§ Entries provided
----
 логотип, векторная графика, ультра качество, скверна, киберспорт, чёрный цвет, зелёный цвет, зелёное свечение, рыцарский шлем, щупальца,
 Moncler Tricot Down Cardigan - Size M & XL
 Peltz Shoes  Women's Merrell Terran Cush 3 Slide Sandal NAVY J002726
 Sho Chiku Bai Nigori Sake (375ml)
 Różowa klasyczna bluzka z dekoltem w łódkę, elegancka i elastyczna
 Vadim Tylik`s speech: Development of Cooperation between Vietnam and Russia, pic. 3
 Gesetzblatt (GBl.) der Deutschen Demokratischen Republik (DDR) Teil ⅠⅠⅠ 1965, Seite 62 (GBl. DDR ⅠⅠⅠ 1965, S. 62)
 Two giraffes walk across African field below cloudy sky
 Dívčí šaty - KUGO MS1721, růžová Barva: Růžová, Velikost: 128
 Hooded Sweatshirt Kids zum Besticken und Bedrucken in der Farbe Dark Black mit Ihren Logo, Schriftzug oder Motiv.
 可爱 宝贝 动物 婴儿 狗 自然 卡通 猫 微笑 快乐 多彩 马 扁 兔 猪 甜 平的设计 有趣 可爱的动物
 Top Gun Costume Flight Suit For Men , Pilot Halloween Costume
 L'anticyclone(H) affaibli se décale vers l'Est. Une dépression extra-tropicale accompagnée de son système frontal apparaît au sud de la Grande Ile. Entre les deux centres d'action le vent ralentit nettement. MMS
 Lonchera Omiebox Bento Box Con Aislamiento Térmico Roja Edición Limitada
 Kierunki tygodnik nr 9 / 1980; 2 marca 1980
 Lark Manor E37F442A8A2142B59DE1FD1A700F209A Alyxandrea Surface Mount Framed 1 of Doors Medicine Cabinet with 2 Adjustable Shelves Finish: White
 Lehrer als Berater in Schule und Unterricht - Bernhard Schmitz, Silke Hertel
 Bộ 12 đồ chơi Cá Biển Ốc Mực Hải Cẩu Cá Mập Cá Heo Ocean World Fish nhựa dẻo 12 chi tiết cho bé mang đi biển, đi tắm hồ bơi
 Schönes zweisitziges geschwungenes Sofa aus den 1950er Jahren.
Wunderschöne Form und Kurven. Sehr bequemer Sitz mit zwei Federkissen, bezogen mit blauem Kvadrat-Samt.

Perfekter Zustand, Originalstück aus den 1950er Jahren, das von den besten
----
§ What you are asked to do
Reproduce every single entry above exactly.

§ Finished exercise
 логотип, векторная графика, ультра качество, скверна, киберспорт, чёрный цвет, зелёный цвет, зелёное свечение, рыцарский шлем, щупальца,
 Moncler Tricot Down Cardigan - Size M & XL
 Peltz Shoes  Women's Merrell Terran Cush 3 Slide Sandal NAVY J002726
 Sho Chiku Bai Nigori Sake (375ml)
 Różowa klasyczna bluzka z dekoltem w łódkę, elegancka i elastyczna
 Vadim Tylik`s speech: Development of Cooperation between Vietnam and Russia, pic. 3
 Gesetzblatt (GBl.) der Deutschen Demokratischen Republik (DDR) Teil ⅠⅠⅠ 1965, Seite 62 (GBl. DDR ⅠⅠⅠ 1965, S. 62)
 Two giraffes walk across African field below cloudy sky
 Dívčí šaty - KUGO MS1721, růžová Barva: Růžová, Velikost: 128
 Hooded Sweatshirt Kids zum Besticken und Bedrucken in der Farbe Dark Black mit Ihren Logo, Schriftzug oder Motiv.
 可爱 宝贝 动物 婴儿 狗 自然 卡通 猫 微笑 快乐 多彩 马 扁 兔 猪 甜 平的设计 有趣 可爱的动物
 Top Gun Costume Flight Suit For Men , Pilot Halloween Costume
 L'anticyclone(H) affaibli se décale vers l'Est. Une dépression extra-tropicale accompagnée de son système frontal apparaît au sud de la Grande Ile. Entre les deux centres d'action le vent ralentit nettement. MMS
 Lonchera Omiebox Bento Box Con Aislamiento Térmico Roja Edición Limitada
 Kierunki tygodnik nr 9 / 1980; 2 marca 1980
 Lark Manor E37F442A8A2142B59DE1FD1A700F209A Alyxandrea Surface Mount Framed 1 of Doors Medicine Cabinet with 2 Adjustable Shelves Finish: White
 Lehrer als Berater in Schule und Unterricht - Bernhard Schmitz, Silke Hertel
 Bộ 12 đồ chơi Cá Biển Ốc Mực Hải Cẩu Cá Mập Cá Heo Ocean World Fish nhựa dẻo 12 chi tiết cho bé mang đi biển, đi tắm hồ bơi
 Schönes zweisitziges geschwungenes Sofa aus den 1950er Jahren.
Wunderschöne Form und Kurven. Sehr bequemer Sitz mit zwei Federkissen, bezogen mit blauem Kvadrat-Samt.

Perfekter Zustand, Originalstück aus den 1950er Jahren, das von den besten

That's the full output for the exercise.